Роланд и Джон Норман остались единственными пациентами. Гамак, в котором лежал бородатый мужчина, исчез. Кровать под ним пустовала, застеленная белоснежной простыней, в изголовье лежала подушка в белоснежной наволочке.
Роланду вспомнились свечи, их свет, сливающийся в колонну, сестры, склонившиеся над бородачом. Их смех. И позвякивание колокольчиков.
И тут же, словно вызванная его мыслями, к нему подошла сестра Мэри. За ней по пятам следовала сестра Луиза с подносом в руках. Луиза явно нервничала. Мэри хмурилась. Чувствовалось, что пребывает она в дурном настроении.
Разве можно злиться после столь сытной трапезы, мысленно упрекнул ее Роланд. Это не дело, сестра.

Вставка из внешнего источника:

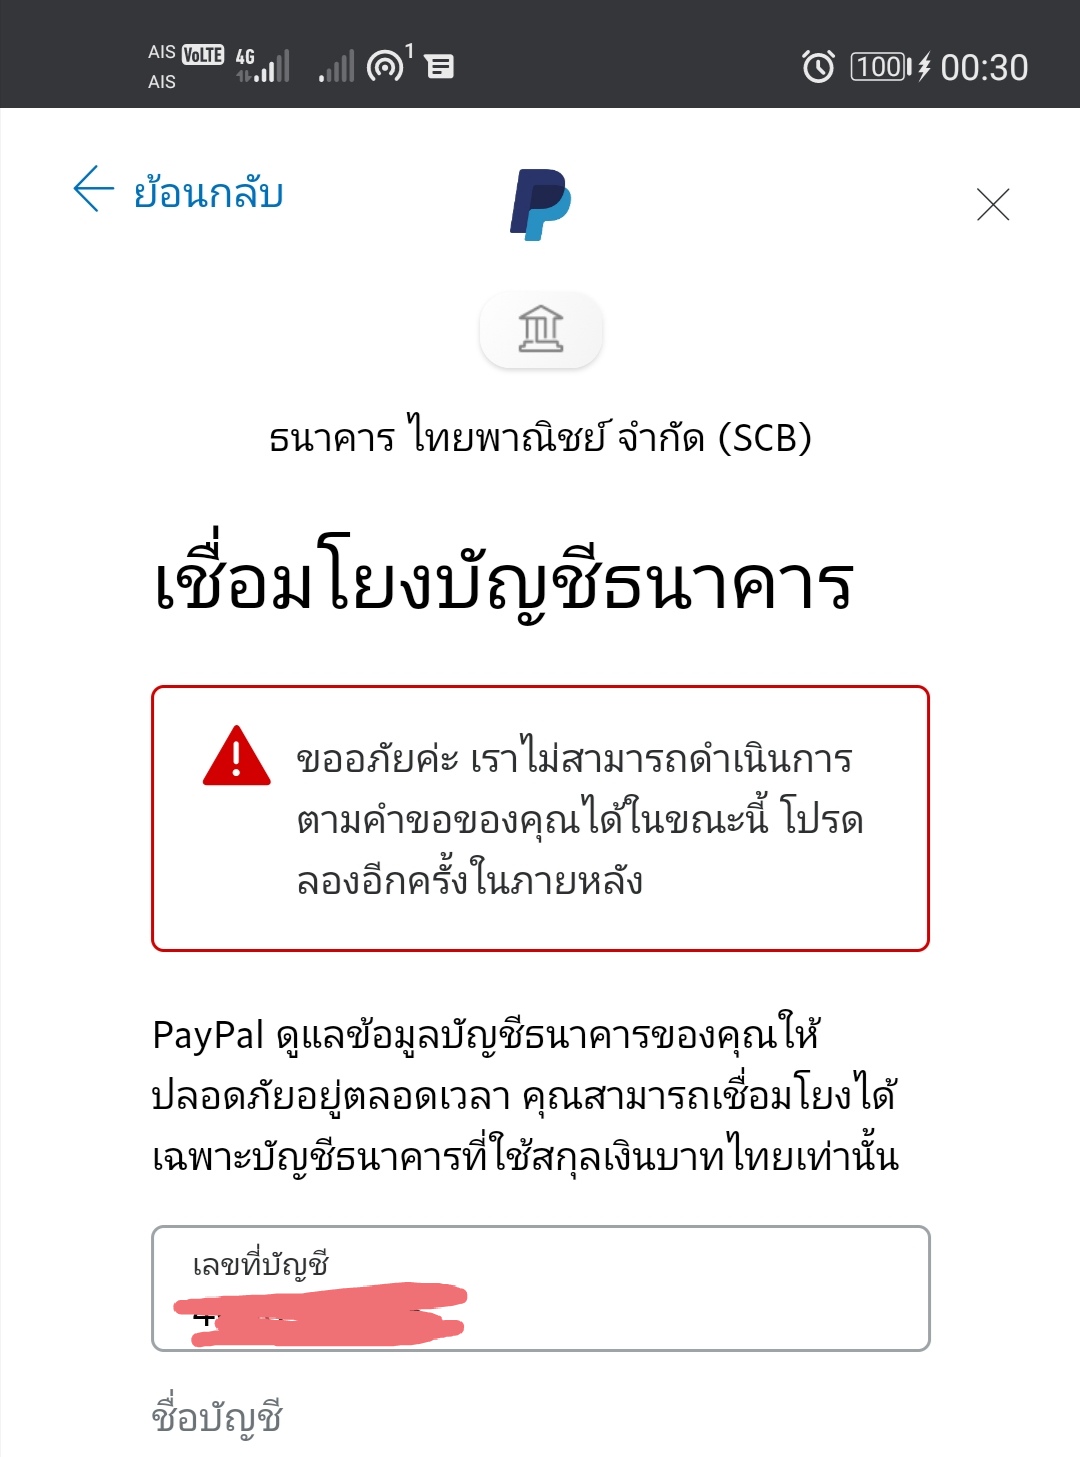 Paypal เชื่อมโยงบัญชีธนาคารไทยพาณิชย์​ไม่ได้ ช่วยหน่อยยครับ​ - Pantip

Подойдя к гамаку, сестра Мэри уперлась взглядом в стрелка.
— Я должна поблагодарить тебя, сэй, — безо всякой преамбулы начала она.
— Разве я нуждаюсь в твоей благодарности? — просипел Роланд голосом безмерно уставшего человека. Мэри пропустила его шпильку мимо ушей.
— Благодаря тебе та, кто ранее вела себя нагло и не желала знать свое место, решилась на открытый мятеж. Ее мать была такой же, из-за этого и умерла вскоре после возвращения Дженны. Подними руку, не жаждущий благодарности.